Research Paper Volume 15, Issue 5 pp 1564—1590

Figure 2. Knockdown of circRBMS3 inhibits the migration and invasion of OS cell lines in vitro. (A, B) The expression levels of circRBMS3 and RBMS3 mRNA in HOS and 143B cells after stable transfection of circRBMS3 short hairpin RNAs or vector plasmids were detected by qPCR. Data represent the mean ± SD (n = 3). *P < 0.05. (C) SiRNA-mediated circRBMS3 knockdown suppressed OS cell proliferation, as determined by CCK-8 assays. Data represent the mean ± SD (n = 6). (D) CircRBMS3 knockdown suppresses cell growth, as determined by colony formation assays (details are shown in the insets).
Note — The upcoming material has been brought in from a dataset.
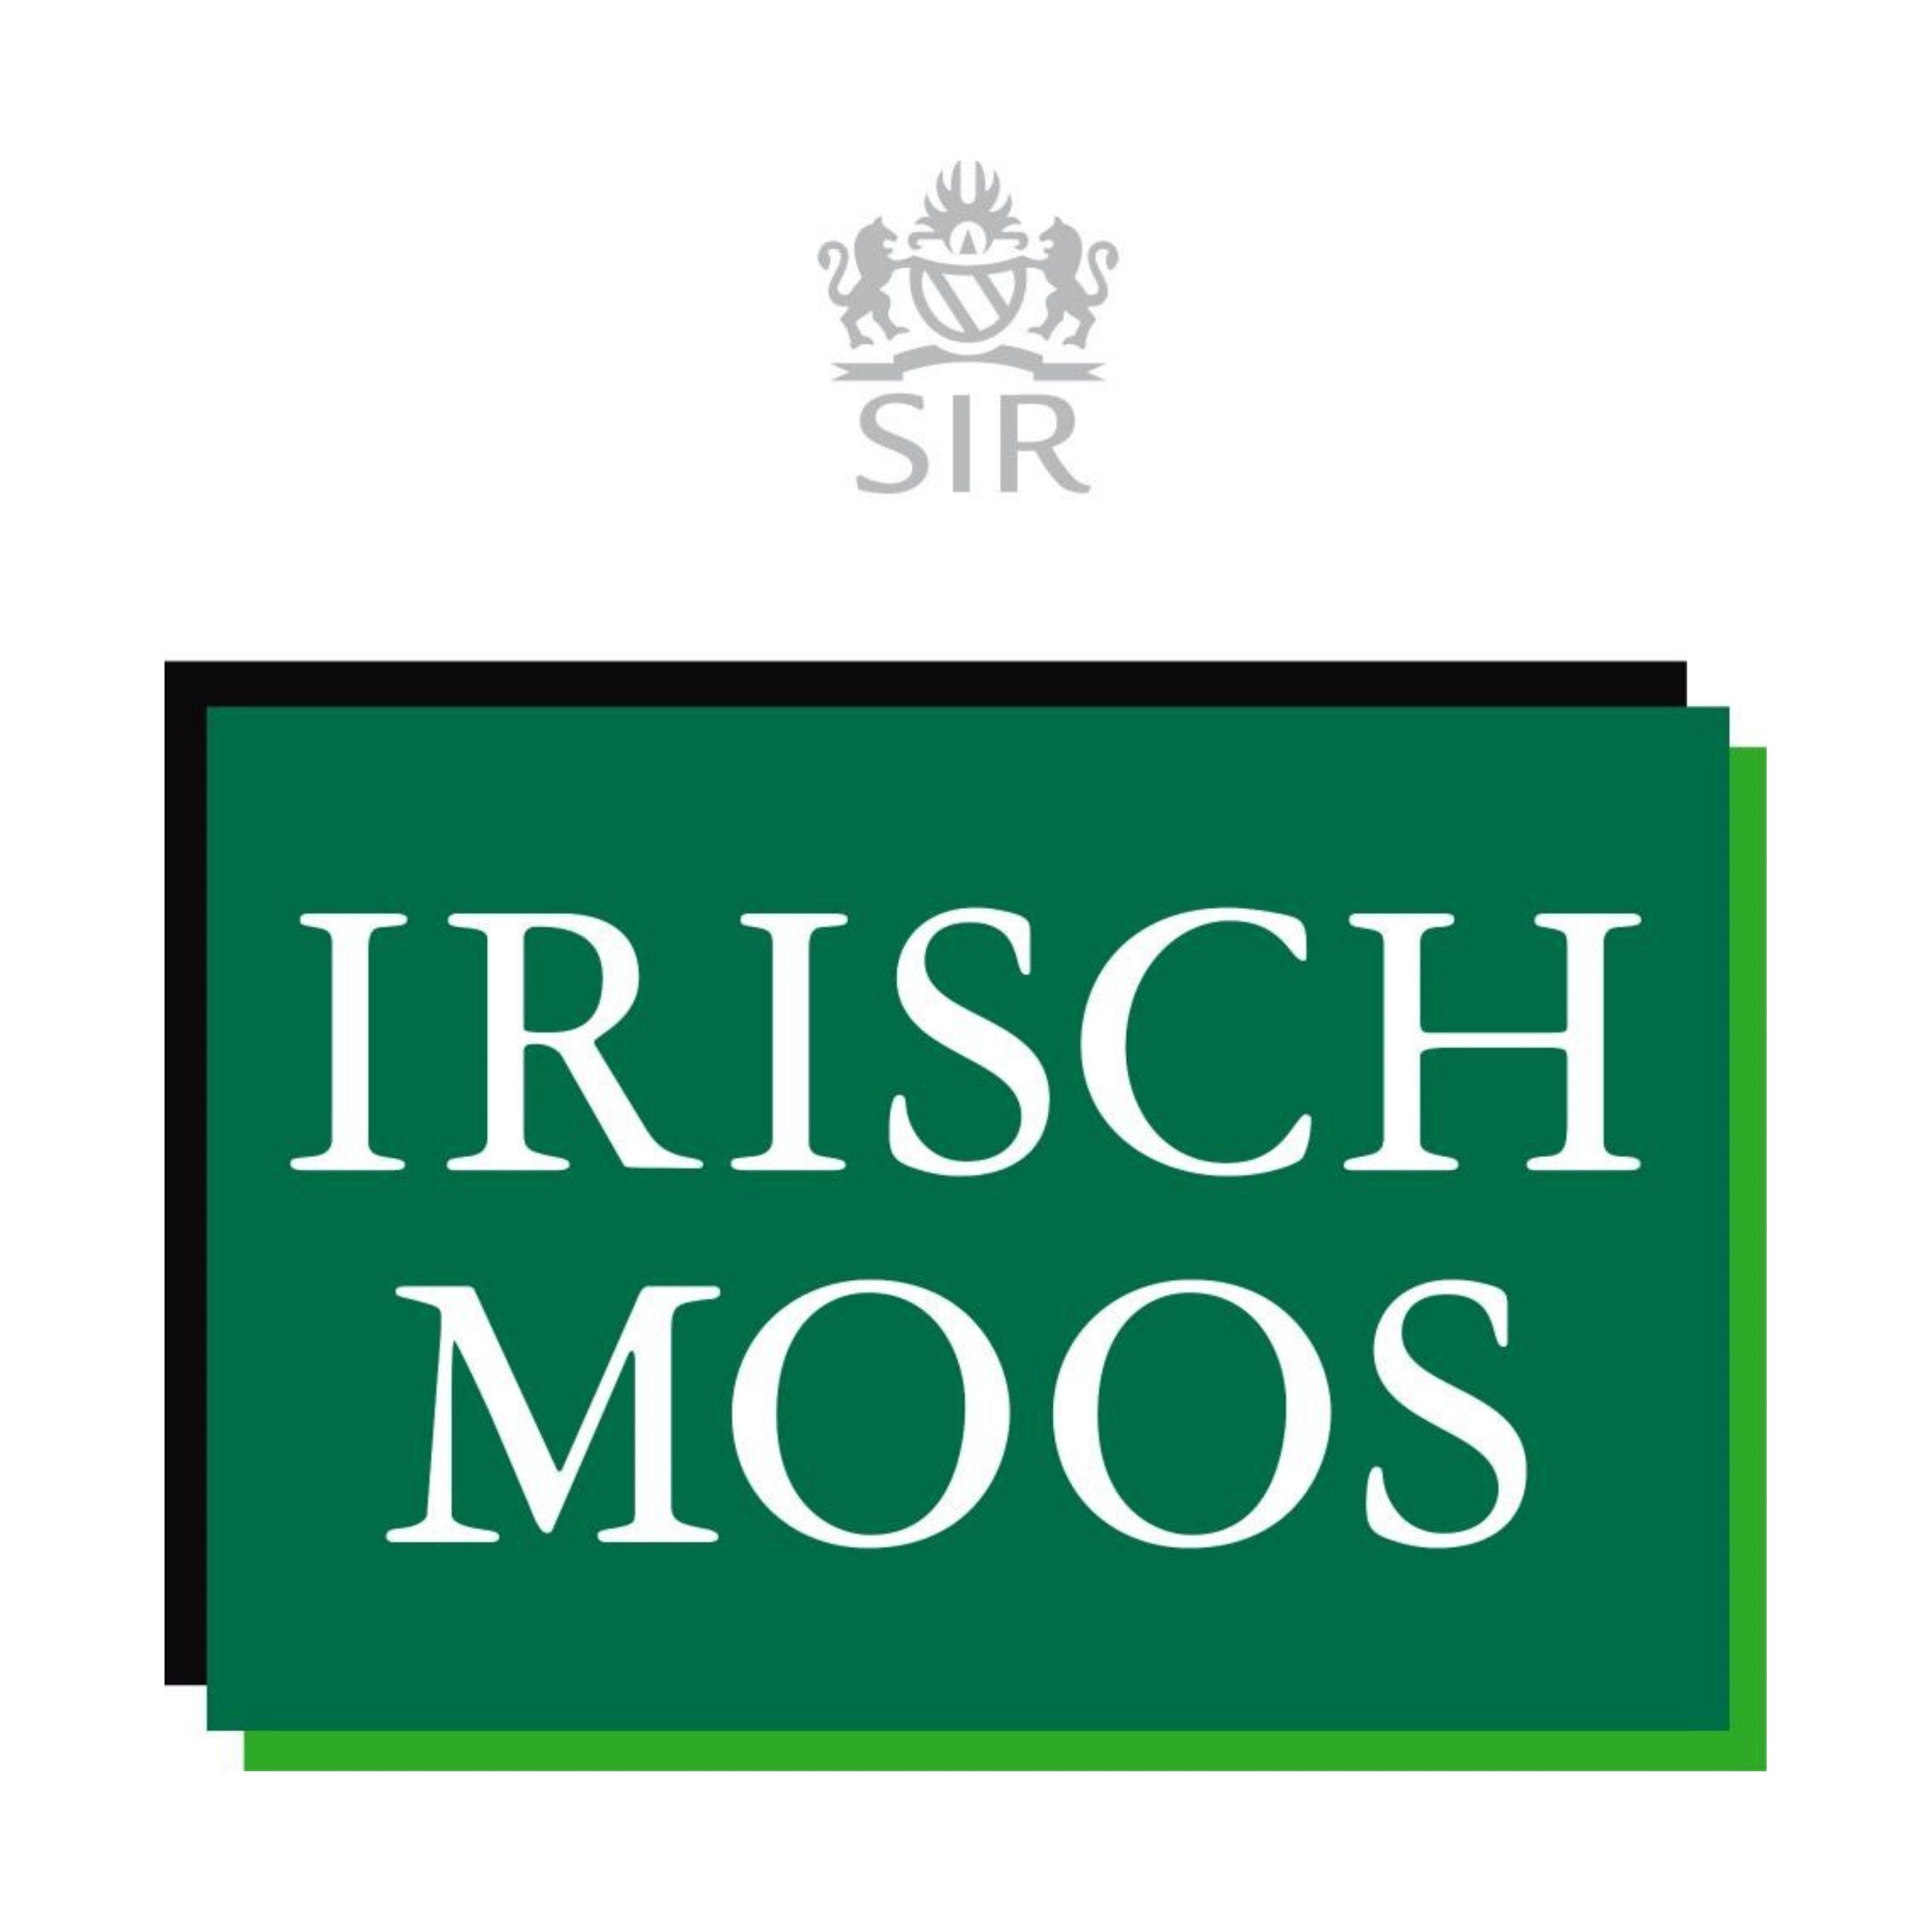 Shave SIR After Sir Irisch 150 IRISCH Gesichts-Reinigungslotion ml MOOS Moos Lotion

Error bars represent the mean ± SD of three independent experiments. * P < 0.05. (E) HOS and 143B cells were transfected with sicircRBMS3, followed by Annexin V-FITC/PI staining. The percentage of apoptotic cells is shown as the mean ± SD from three independent experiments. * P < 0.05, significantly different compared with the vector group. (F) The effect of sicircRBMS3 on cell migration capability was evaluated by wound healing assays using HOS and 143B cells. Data are the mean ± SD, n = 3. *P < 0.05. Scale bar, 200 μm. (G) CircRBMS3 knockdown suppresses cell migration and invasion abilities of HOS and 143B cells, as evaluated by transwell migration and Matrigel™ invasion assays. Data represent the mean ± SD (n = 3). * P < 0.05. Scale bar, 200 μm. (H) CircRBMS3 knockdown did not affect linear RBMS3 expression. (I) Total cell lysates were separated by SDS-PAGE and Coomassie blue staining. (J) Cell lysates were precipitated with anti-RBMS3 antibody followed by SDS-PAGE and Coomassie blue staining. Transfection with circRBMS3 siRNA did not affect the interaction of RBMS3 with its partners.